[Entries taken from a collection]
======
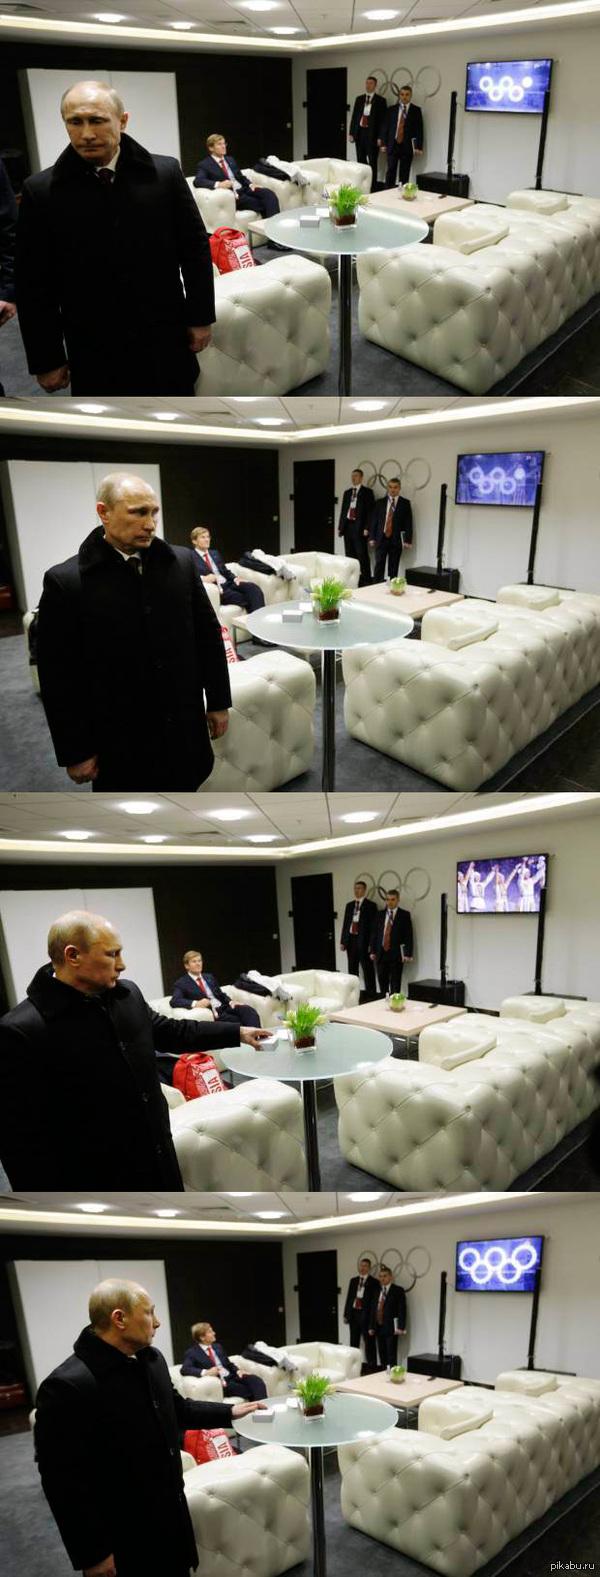 Когда Путин не смотрит Серия фотографий от Дэвида Голдмена.  upd: Внимание на телевизор!
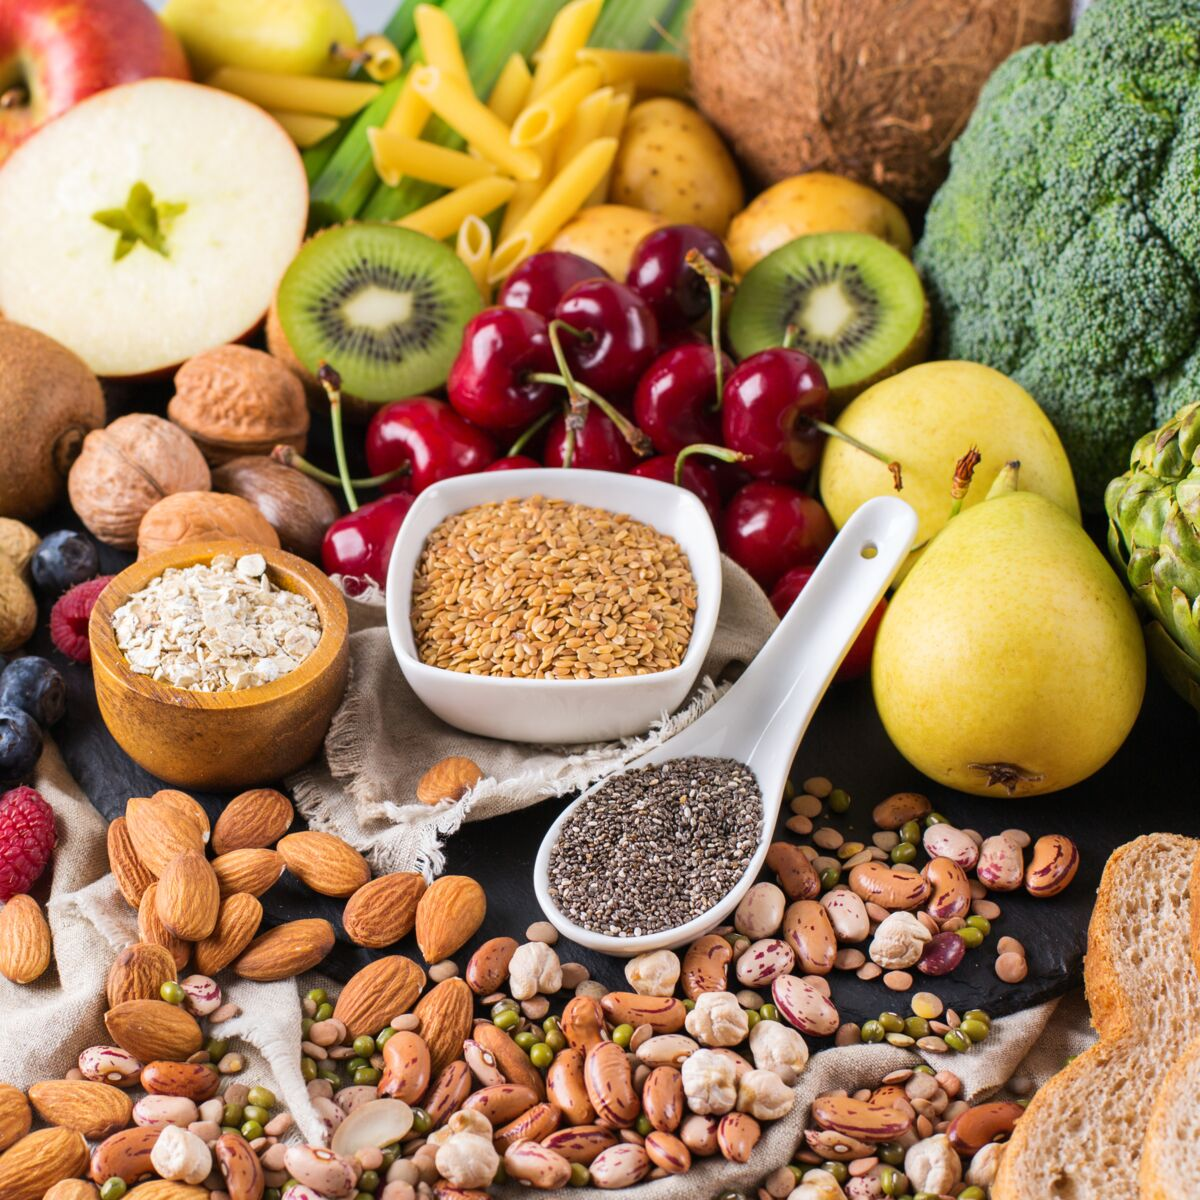 20 aliments riches en fibres solubles : Femme Actuelle Le MAG
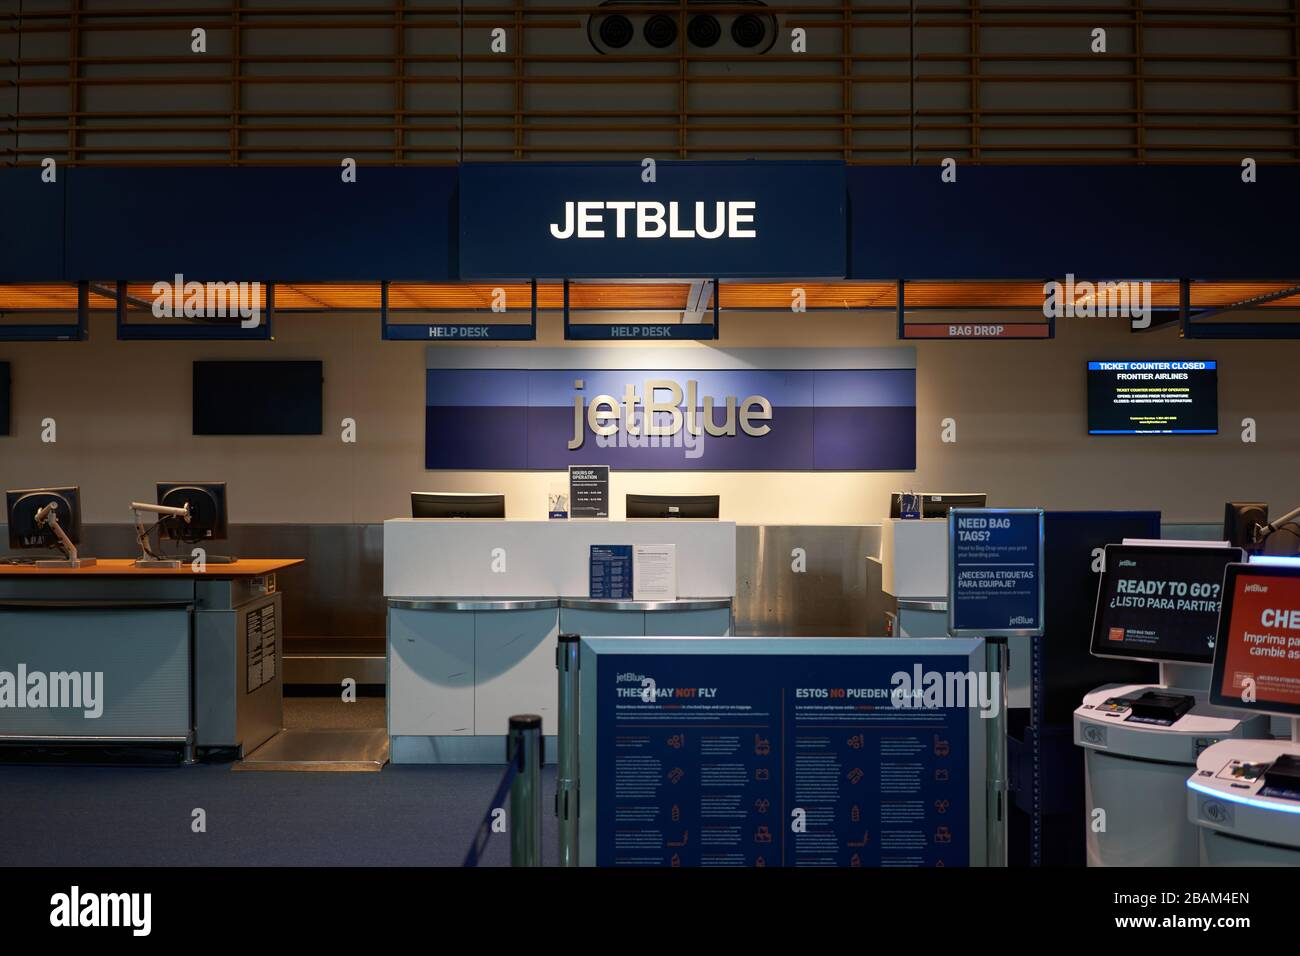 El mostrador de facturación de la aerolínea estadounidense de bajo coste JetBlue Airways en el aeropuerto internacional de Portland está cerrado por la noche el 16 de febrero de 2020. Foto de stock
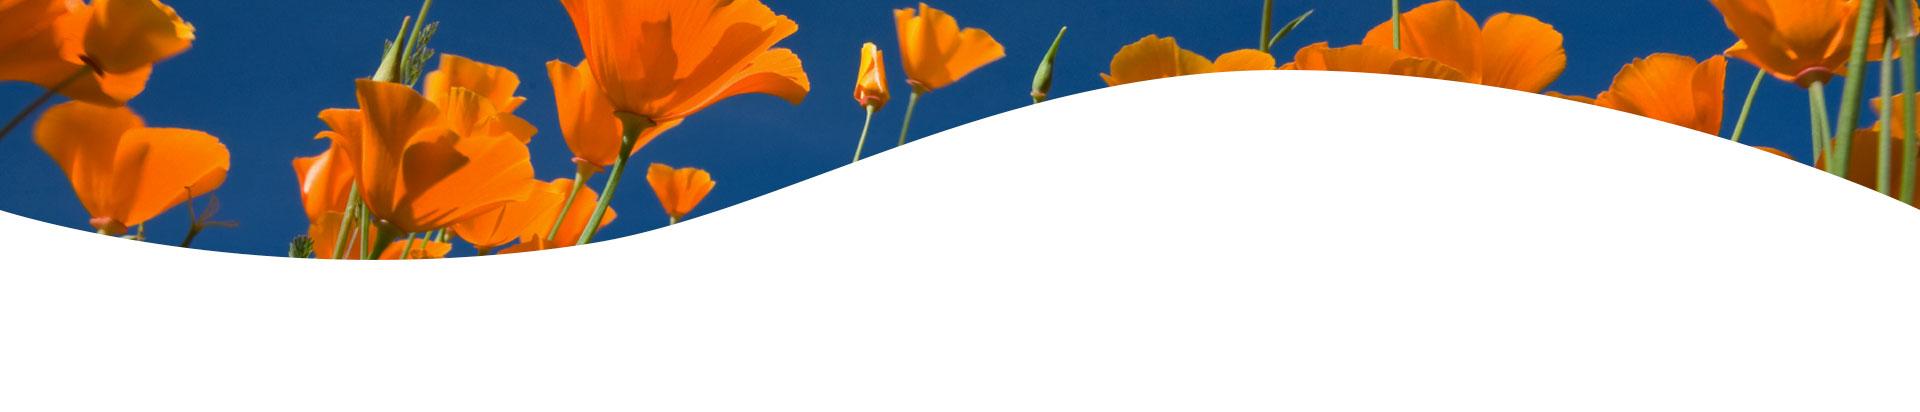 header-banner
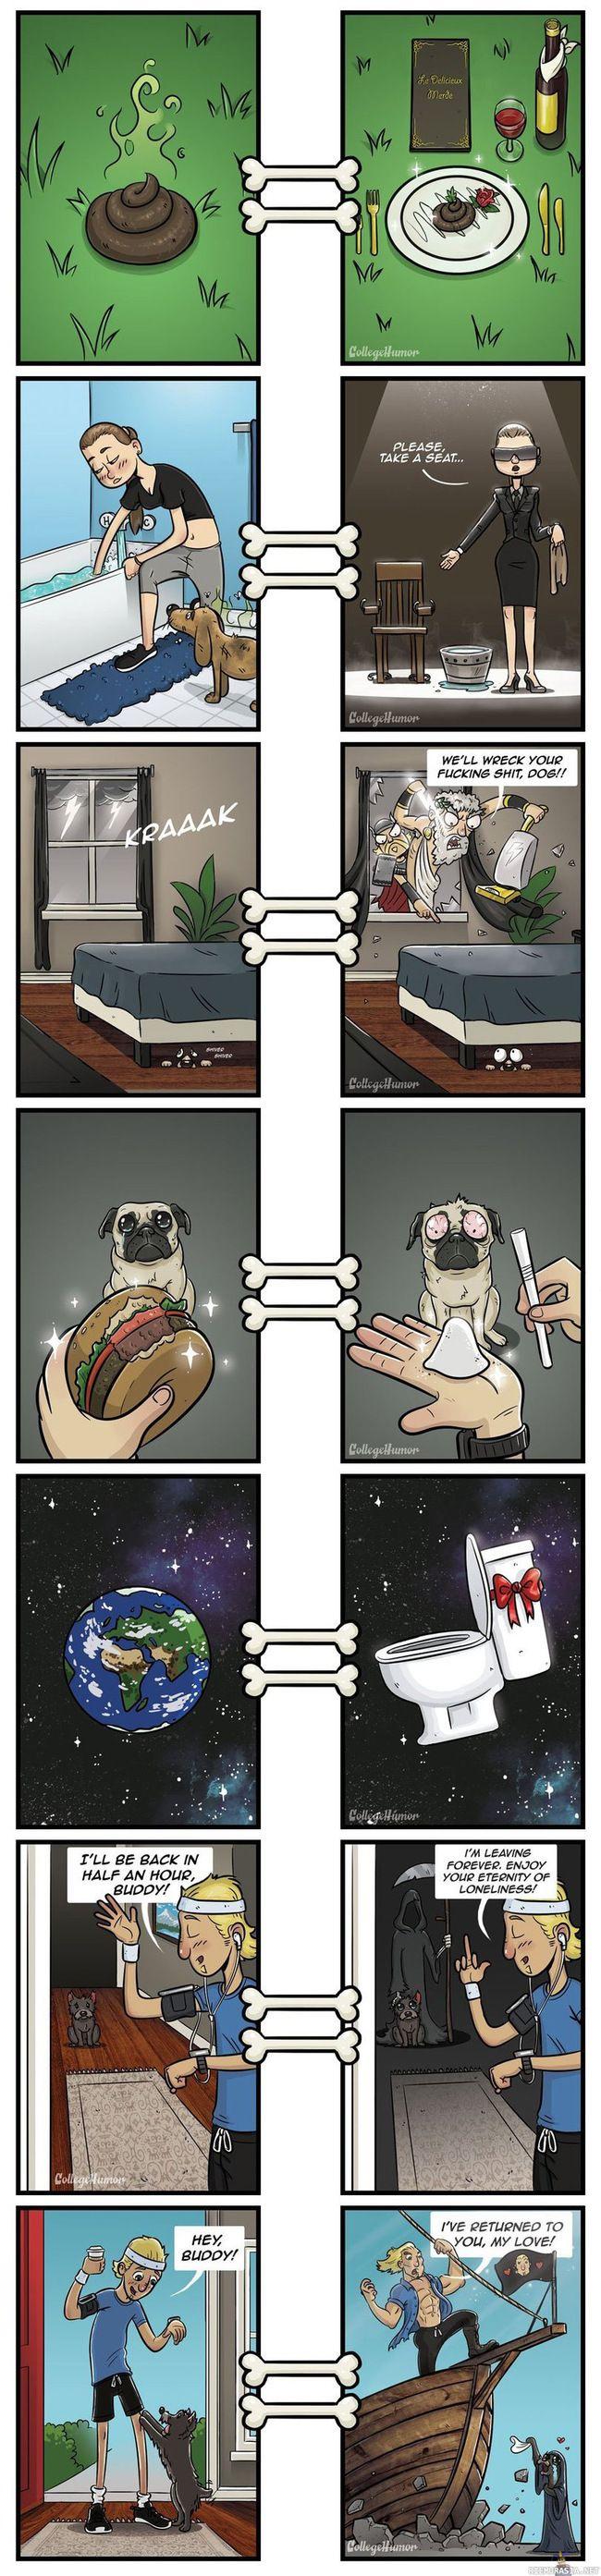 Miten koira näkee asiat
======
▶ [Task objective] No pictures belong in the copy. Retype exactly, and only, the lines from the line containing "20 aliments riches" through the last line of the data, both included.

▶ [Reply to the exercise]
 20 aliments riches en fibres solubles : Femme Actuelle Le MAG
 El mostrador de facturación de la aerolínea estadounidense de bajo coste JetBlue Airways en el aeropuerto internacional de Portland está cerrado por la noche el 16 de febrero de 2020. Foto de stock
 header-banner
 Miten koira näkee asiat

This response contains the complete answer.